There is a lot to get organized to be ready for a puppy. You can search the forums in advance for information on all of the things you are concerned about to be ready in advance. I also suggest downloading the Ian Dunbar books What to Do Before/After You Get Your Puppy available for free at Dog Star Daily

There is also this thread http://www.poodleforum.com/23-general-training-obedience/100970-ian-dunbar-seminar-workshop.html


----------



## fjm (Jun 4, 2010)

I am so glad that you are able to look back on Gracie's last months with you and remember how happy she was - you must miss her enormously, but I think there is great comfort in knowing we have done everything we could to make their time with us joyous and pain free.

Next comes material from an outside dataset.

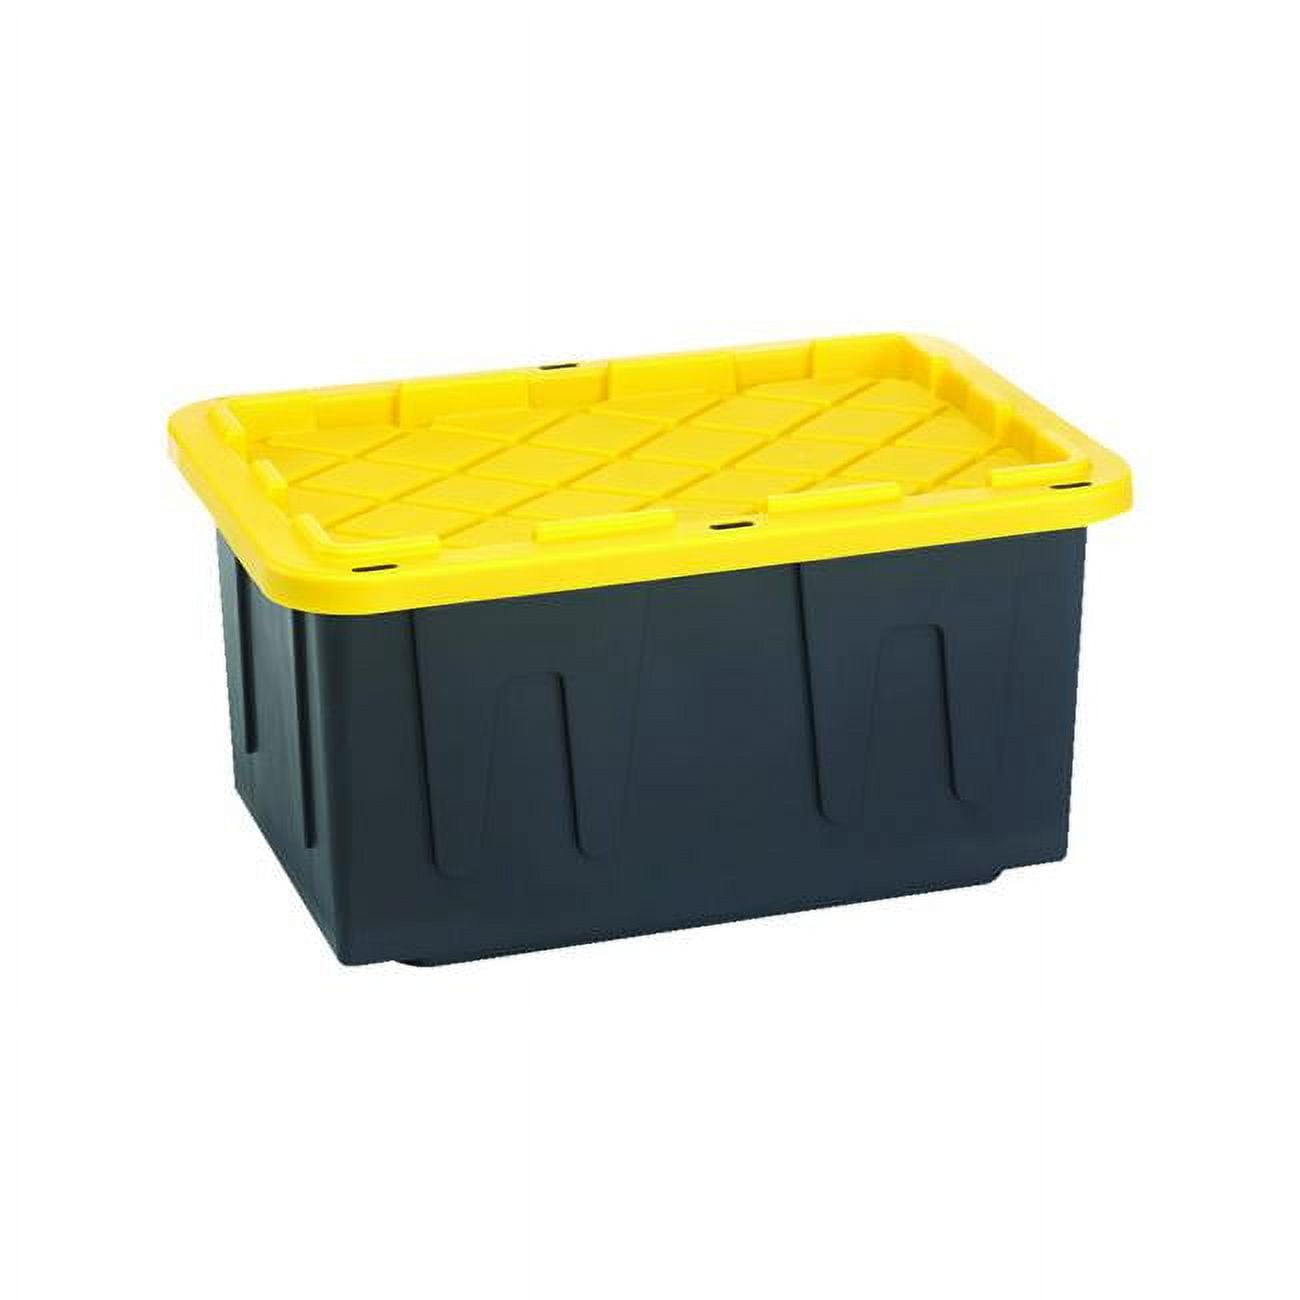 Office Depot Brand by GreenMade Professional Storage Tote With HandlesSnap Lid  27 Gallon 30 110 x 20 14 x 14 34 BlackYellow - Office Depot

I came across a wonderful series of blog posts about puppy raising recently, which I have resolved to follow with my next little one:Life Lessons For My Puppy - eileenanddogseileenanddogs I am really looking forward to seeing photos of your new baby girl, and hearing about all your adventures together!


----------



## Caddy (Nov 23, 2014)

Thankyou lily, I downloaded the Ian Dunbar book the other day, haven't got to it yet but I will, and thanks fjm, I bookmarked your link. I have a crate but it's a large one (fits a lab), I'm wondering if I should pickup a smaller one for the first few months.


----------



## lily cd re (Jul 23, 2012)

Caddy said:


> Thankyou lily, I downloaded the Ian Dunbar book the other day, haven't got to it yet but I will, and thanks fjm, I bookmarked your link. I have a crate but it's a large one (fits a lab), I'm wondering if I should pickup a smaller one for the first few months.


Does it have a divider or can you rig something to serve as a divider? Crates are expensive and if you can make the one you have work then you can spend the $$$ on something more fun like toys!


----------



## Beaches (Jan 25, 2014)

Caddy - thanks for sharing the story about Gracie. Most of us appreciate how devasting it is to lose a "Gracie". Delighted you are ready to add a new member to the family and she will bring you much joy. You'll be very busy until the housebreaking is over and then it will settle somewhat. We just spent the morning doing errands and our girl feels very important aince she comes with us. You must be so excited! We're happy for you.


----------



## Mfmst (Jun 18, 2014)

I'm excited for you! Puppies are a lot of work, but the laughter that comes from their antics is priceless. Try to get a big crate with a divider as Catherine suggests. I've got one that he outgrew in the garage and need to donate it...


----------



## janet6567 (Mar 11, 2014)

So happy for you that you are getting a new puppy! Yes, they are a lot of work, but the love and joy they bring into our lives is beyond wonderful. I hope you will post lots of pictures so we can enjoy your new fur-baby too.


----------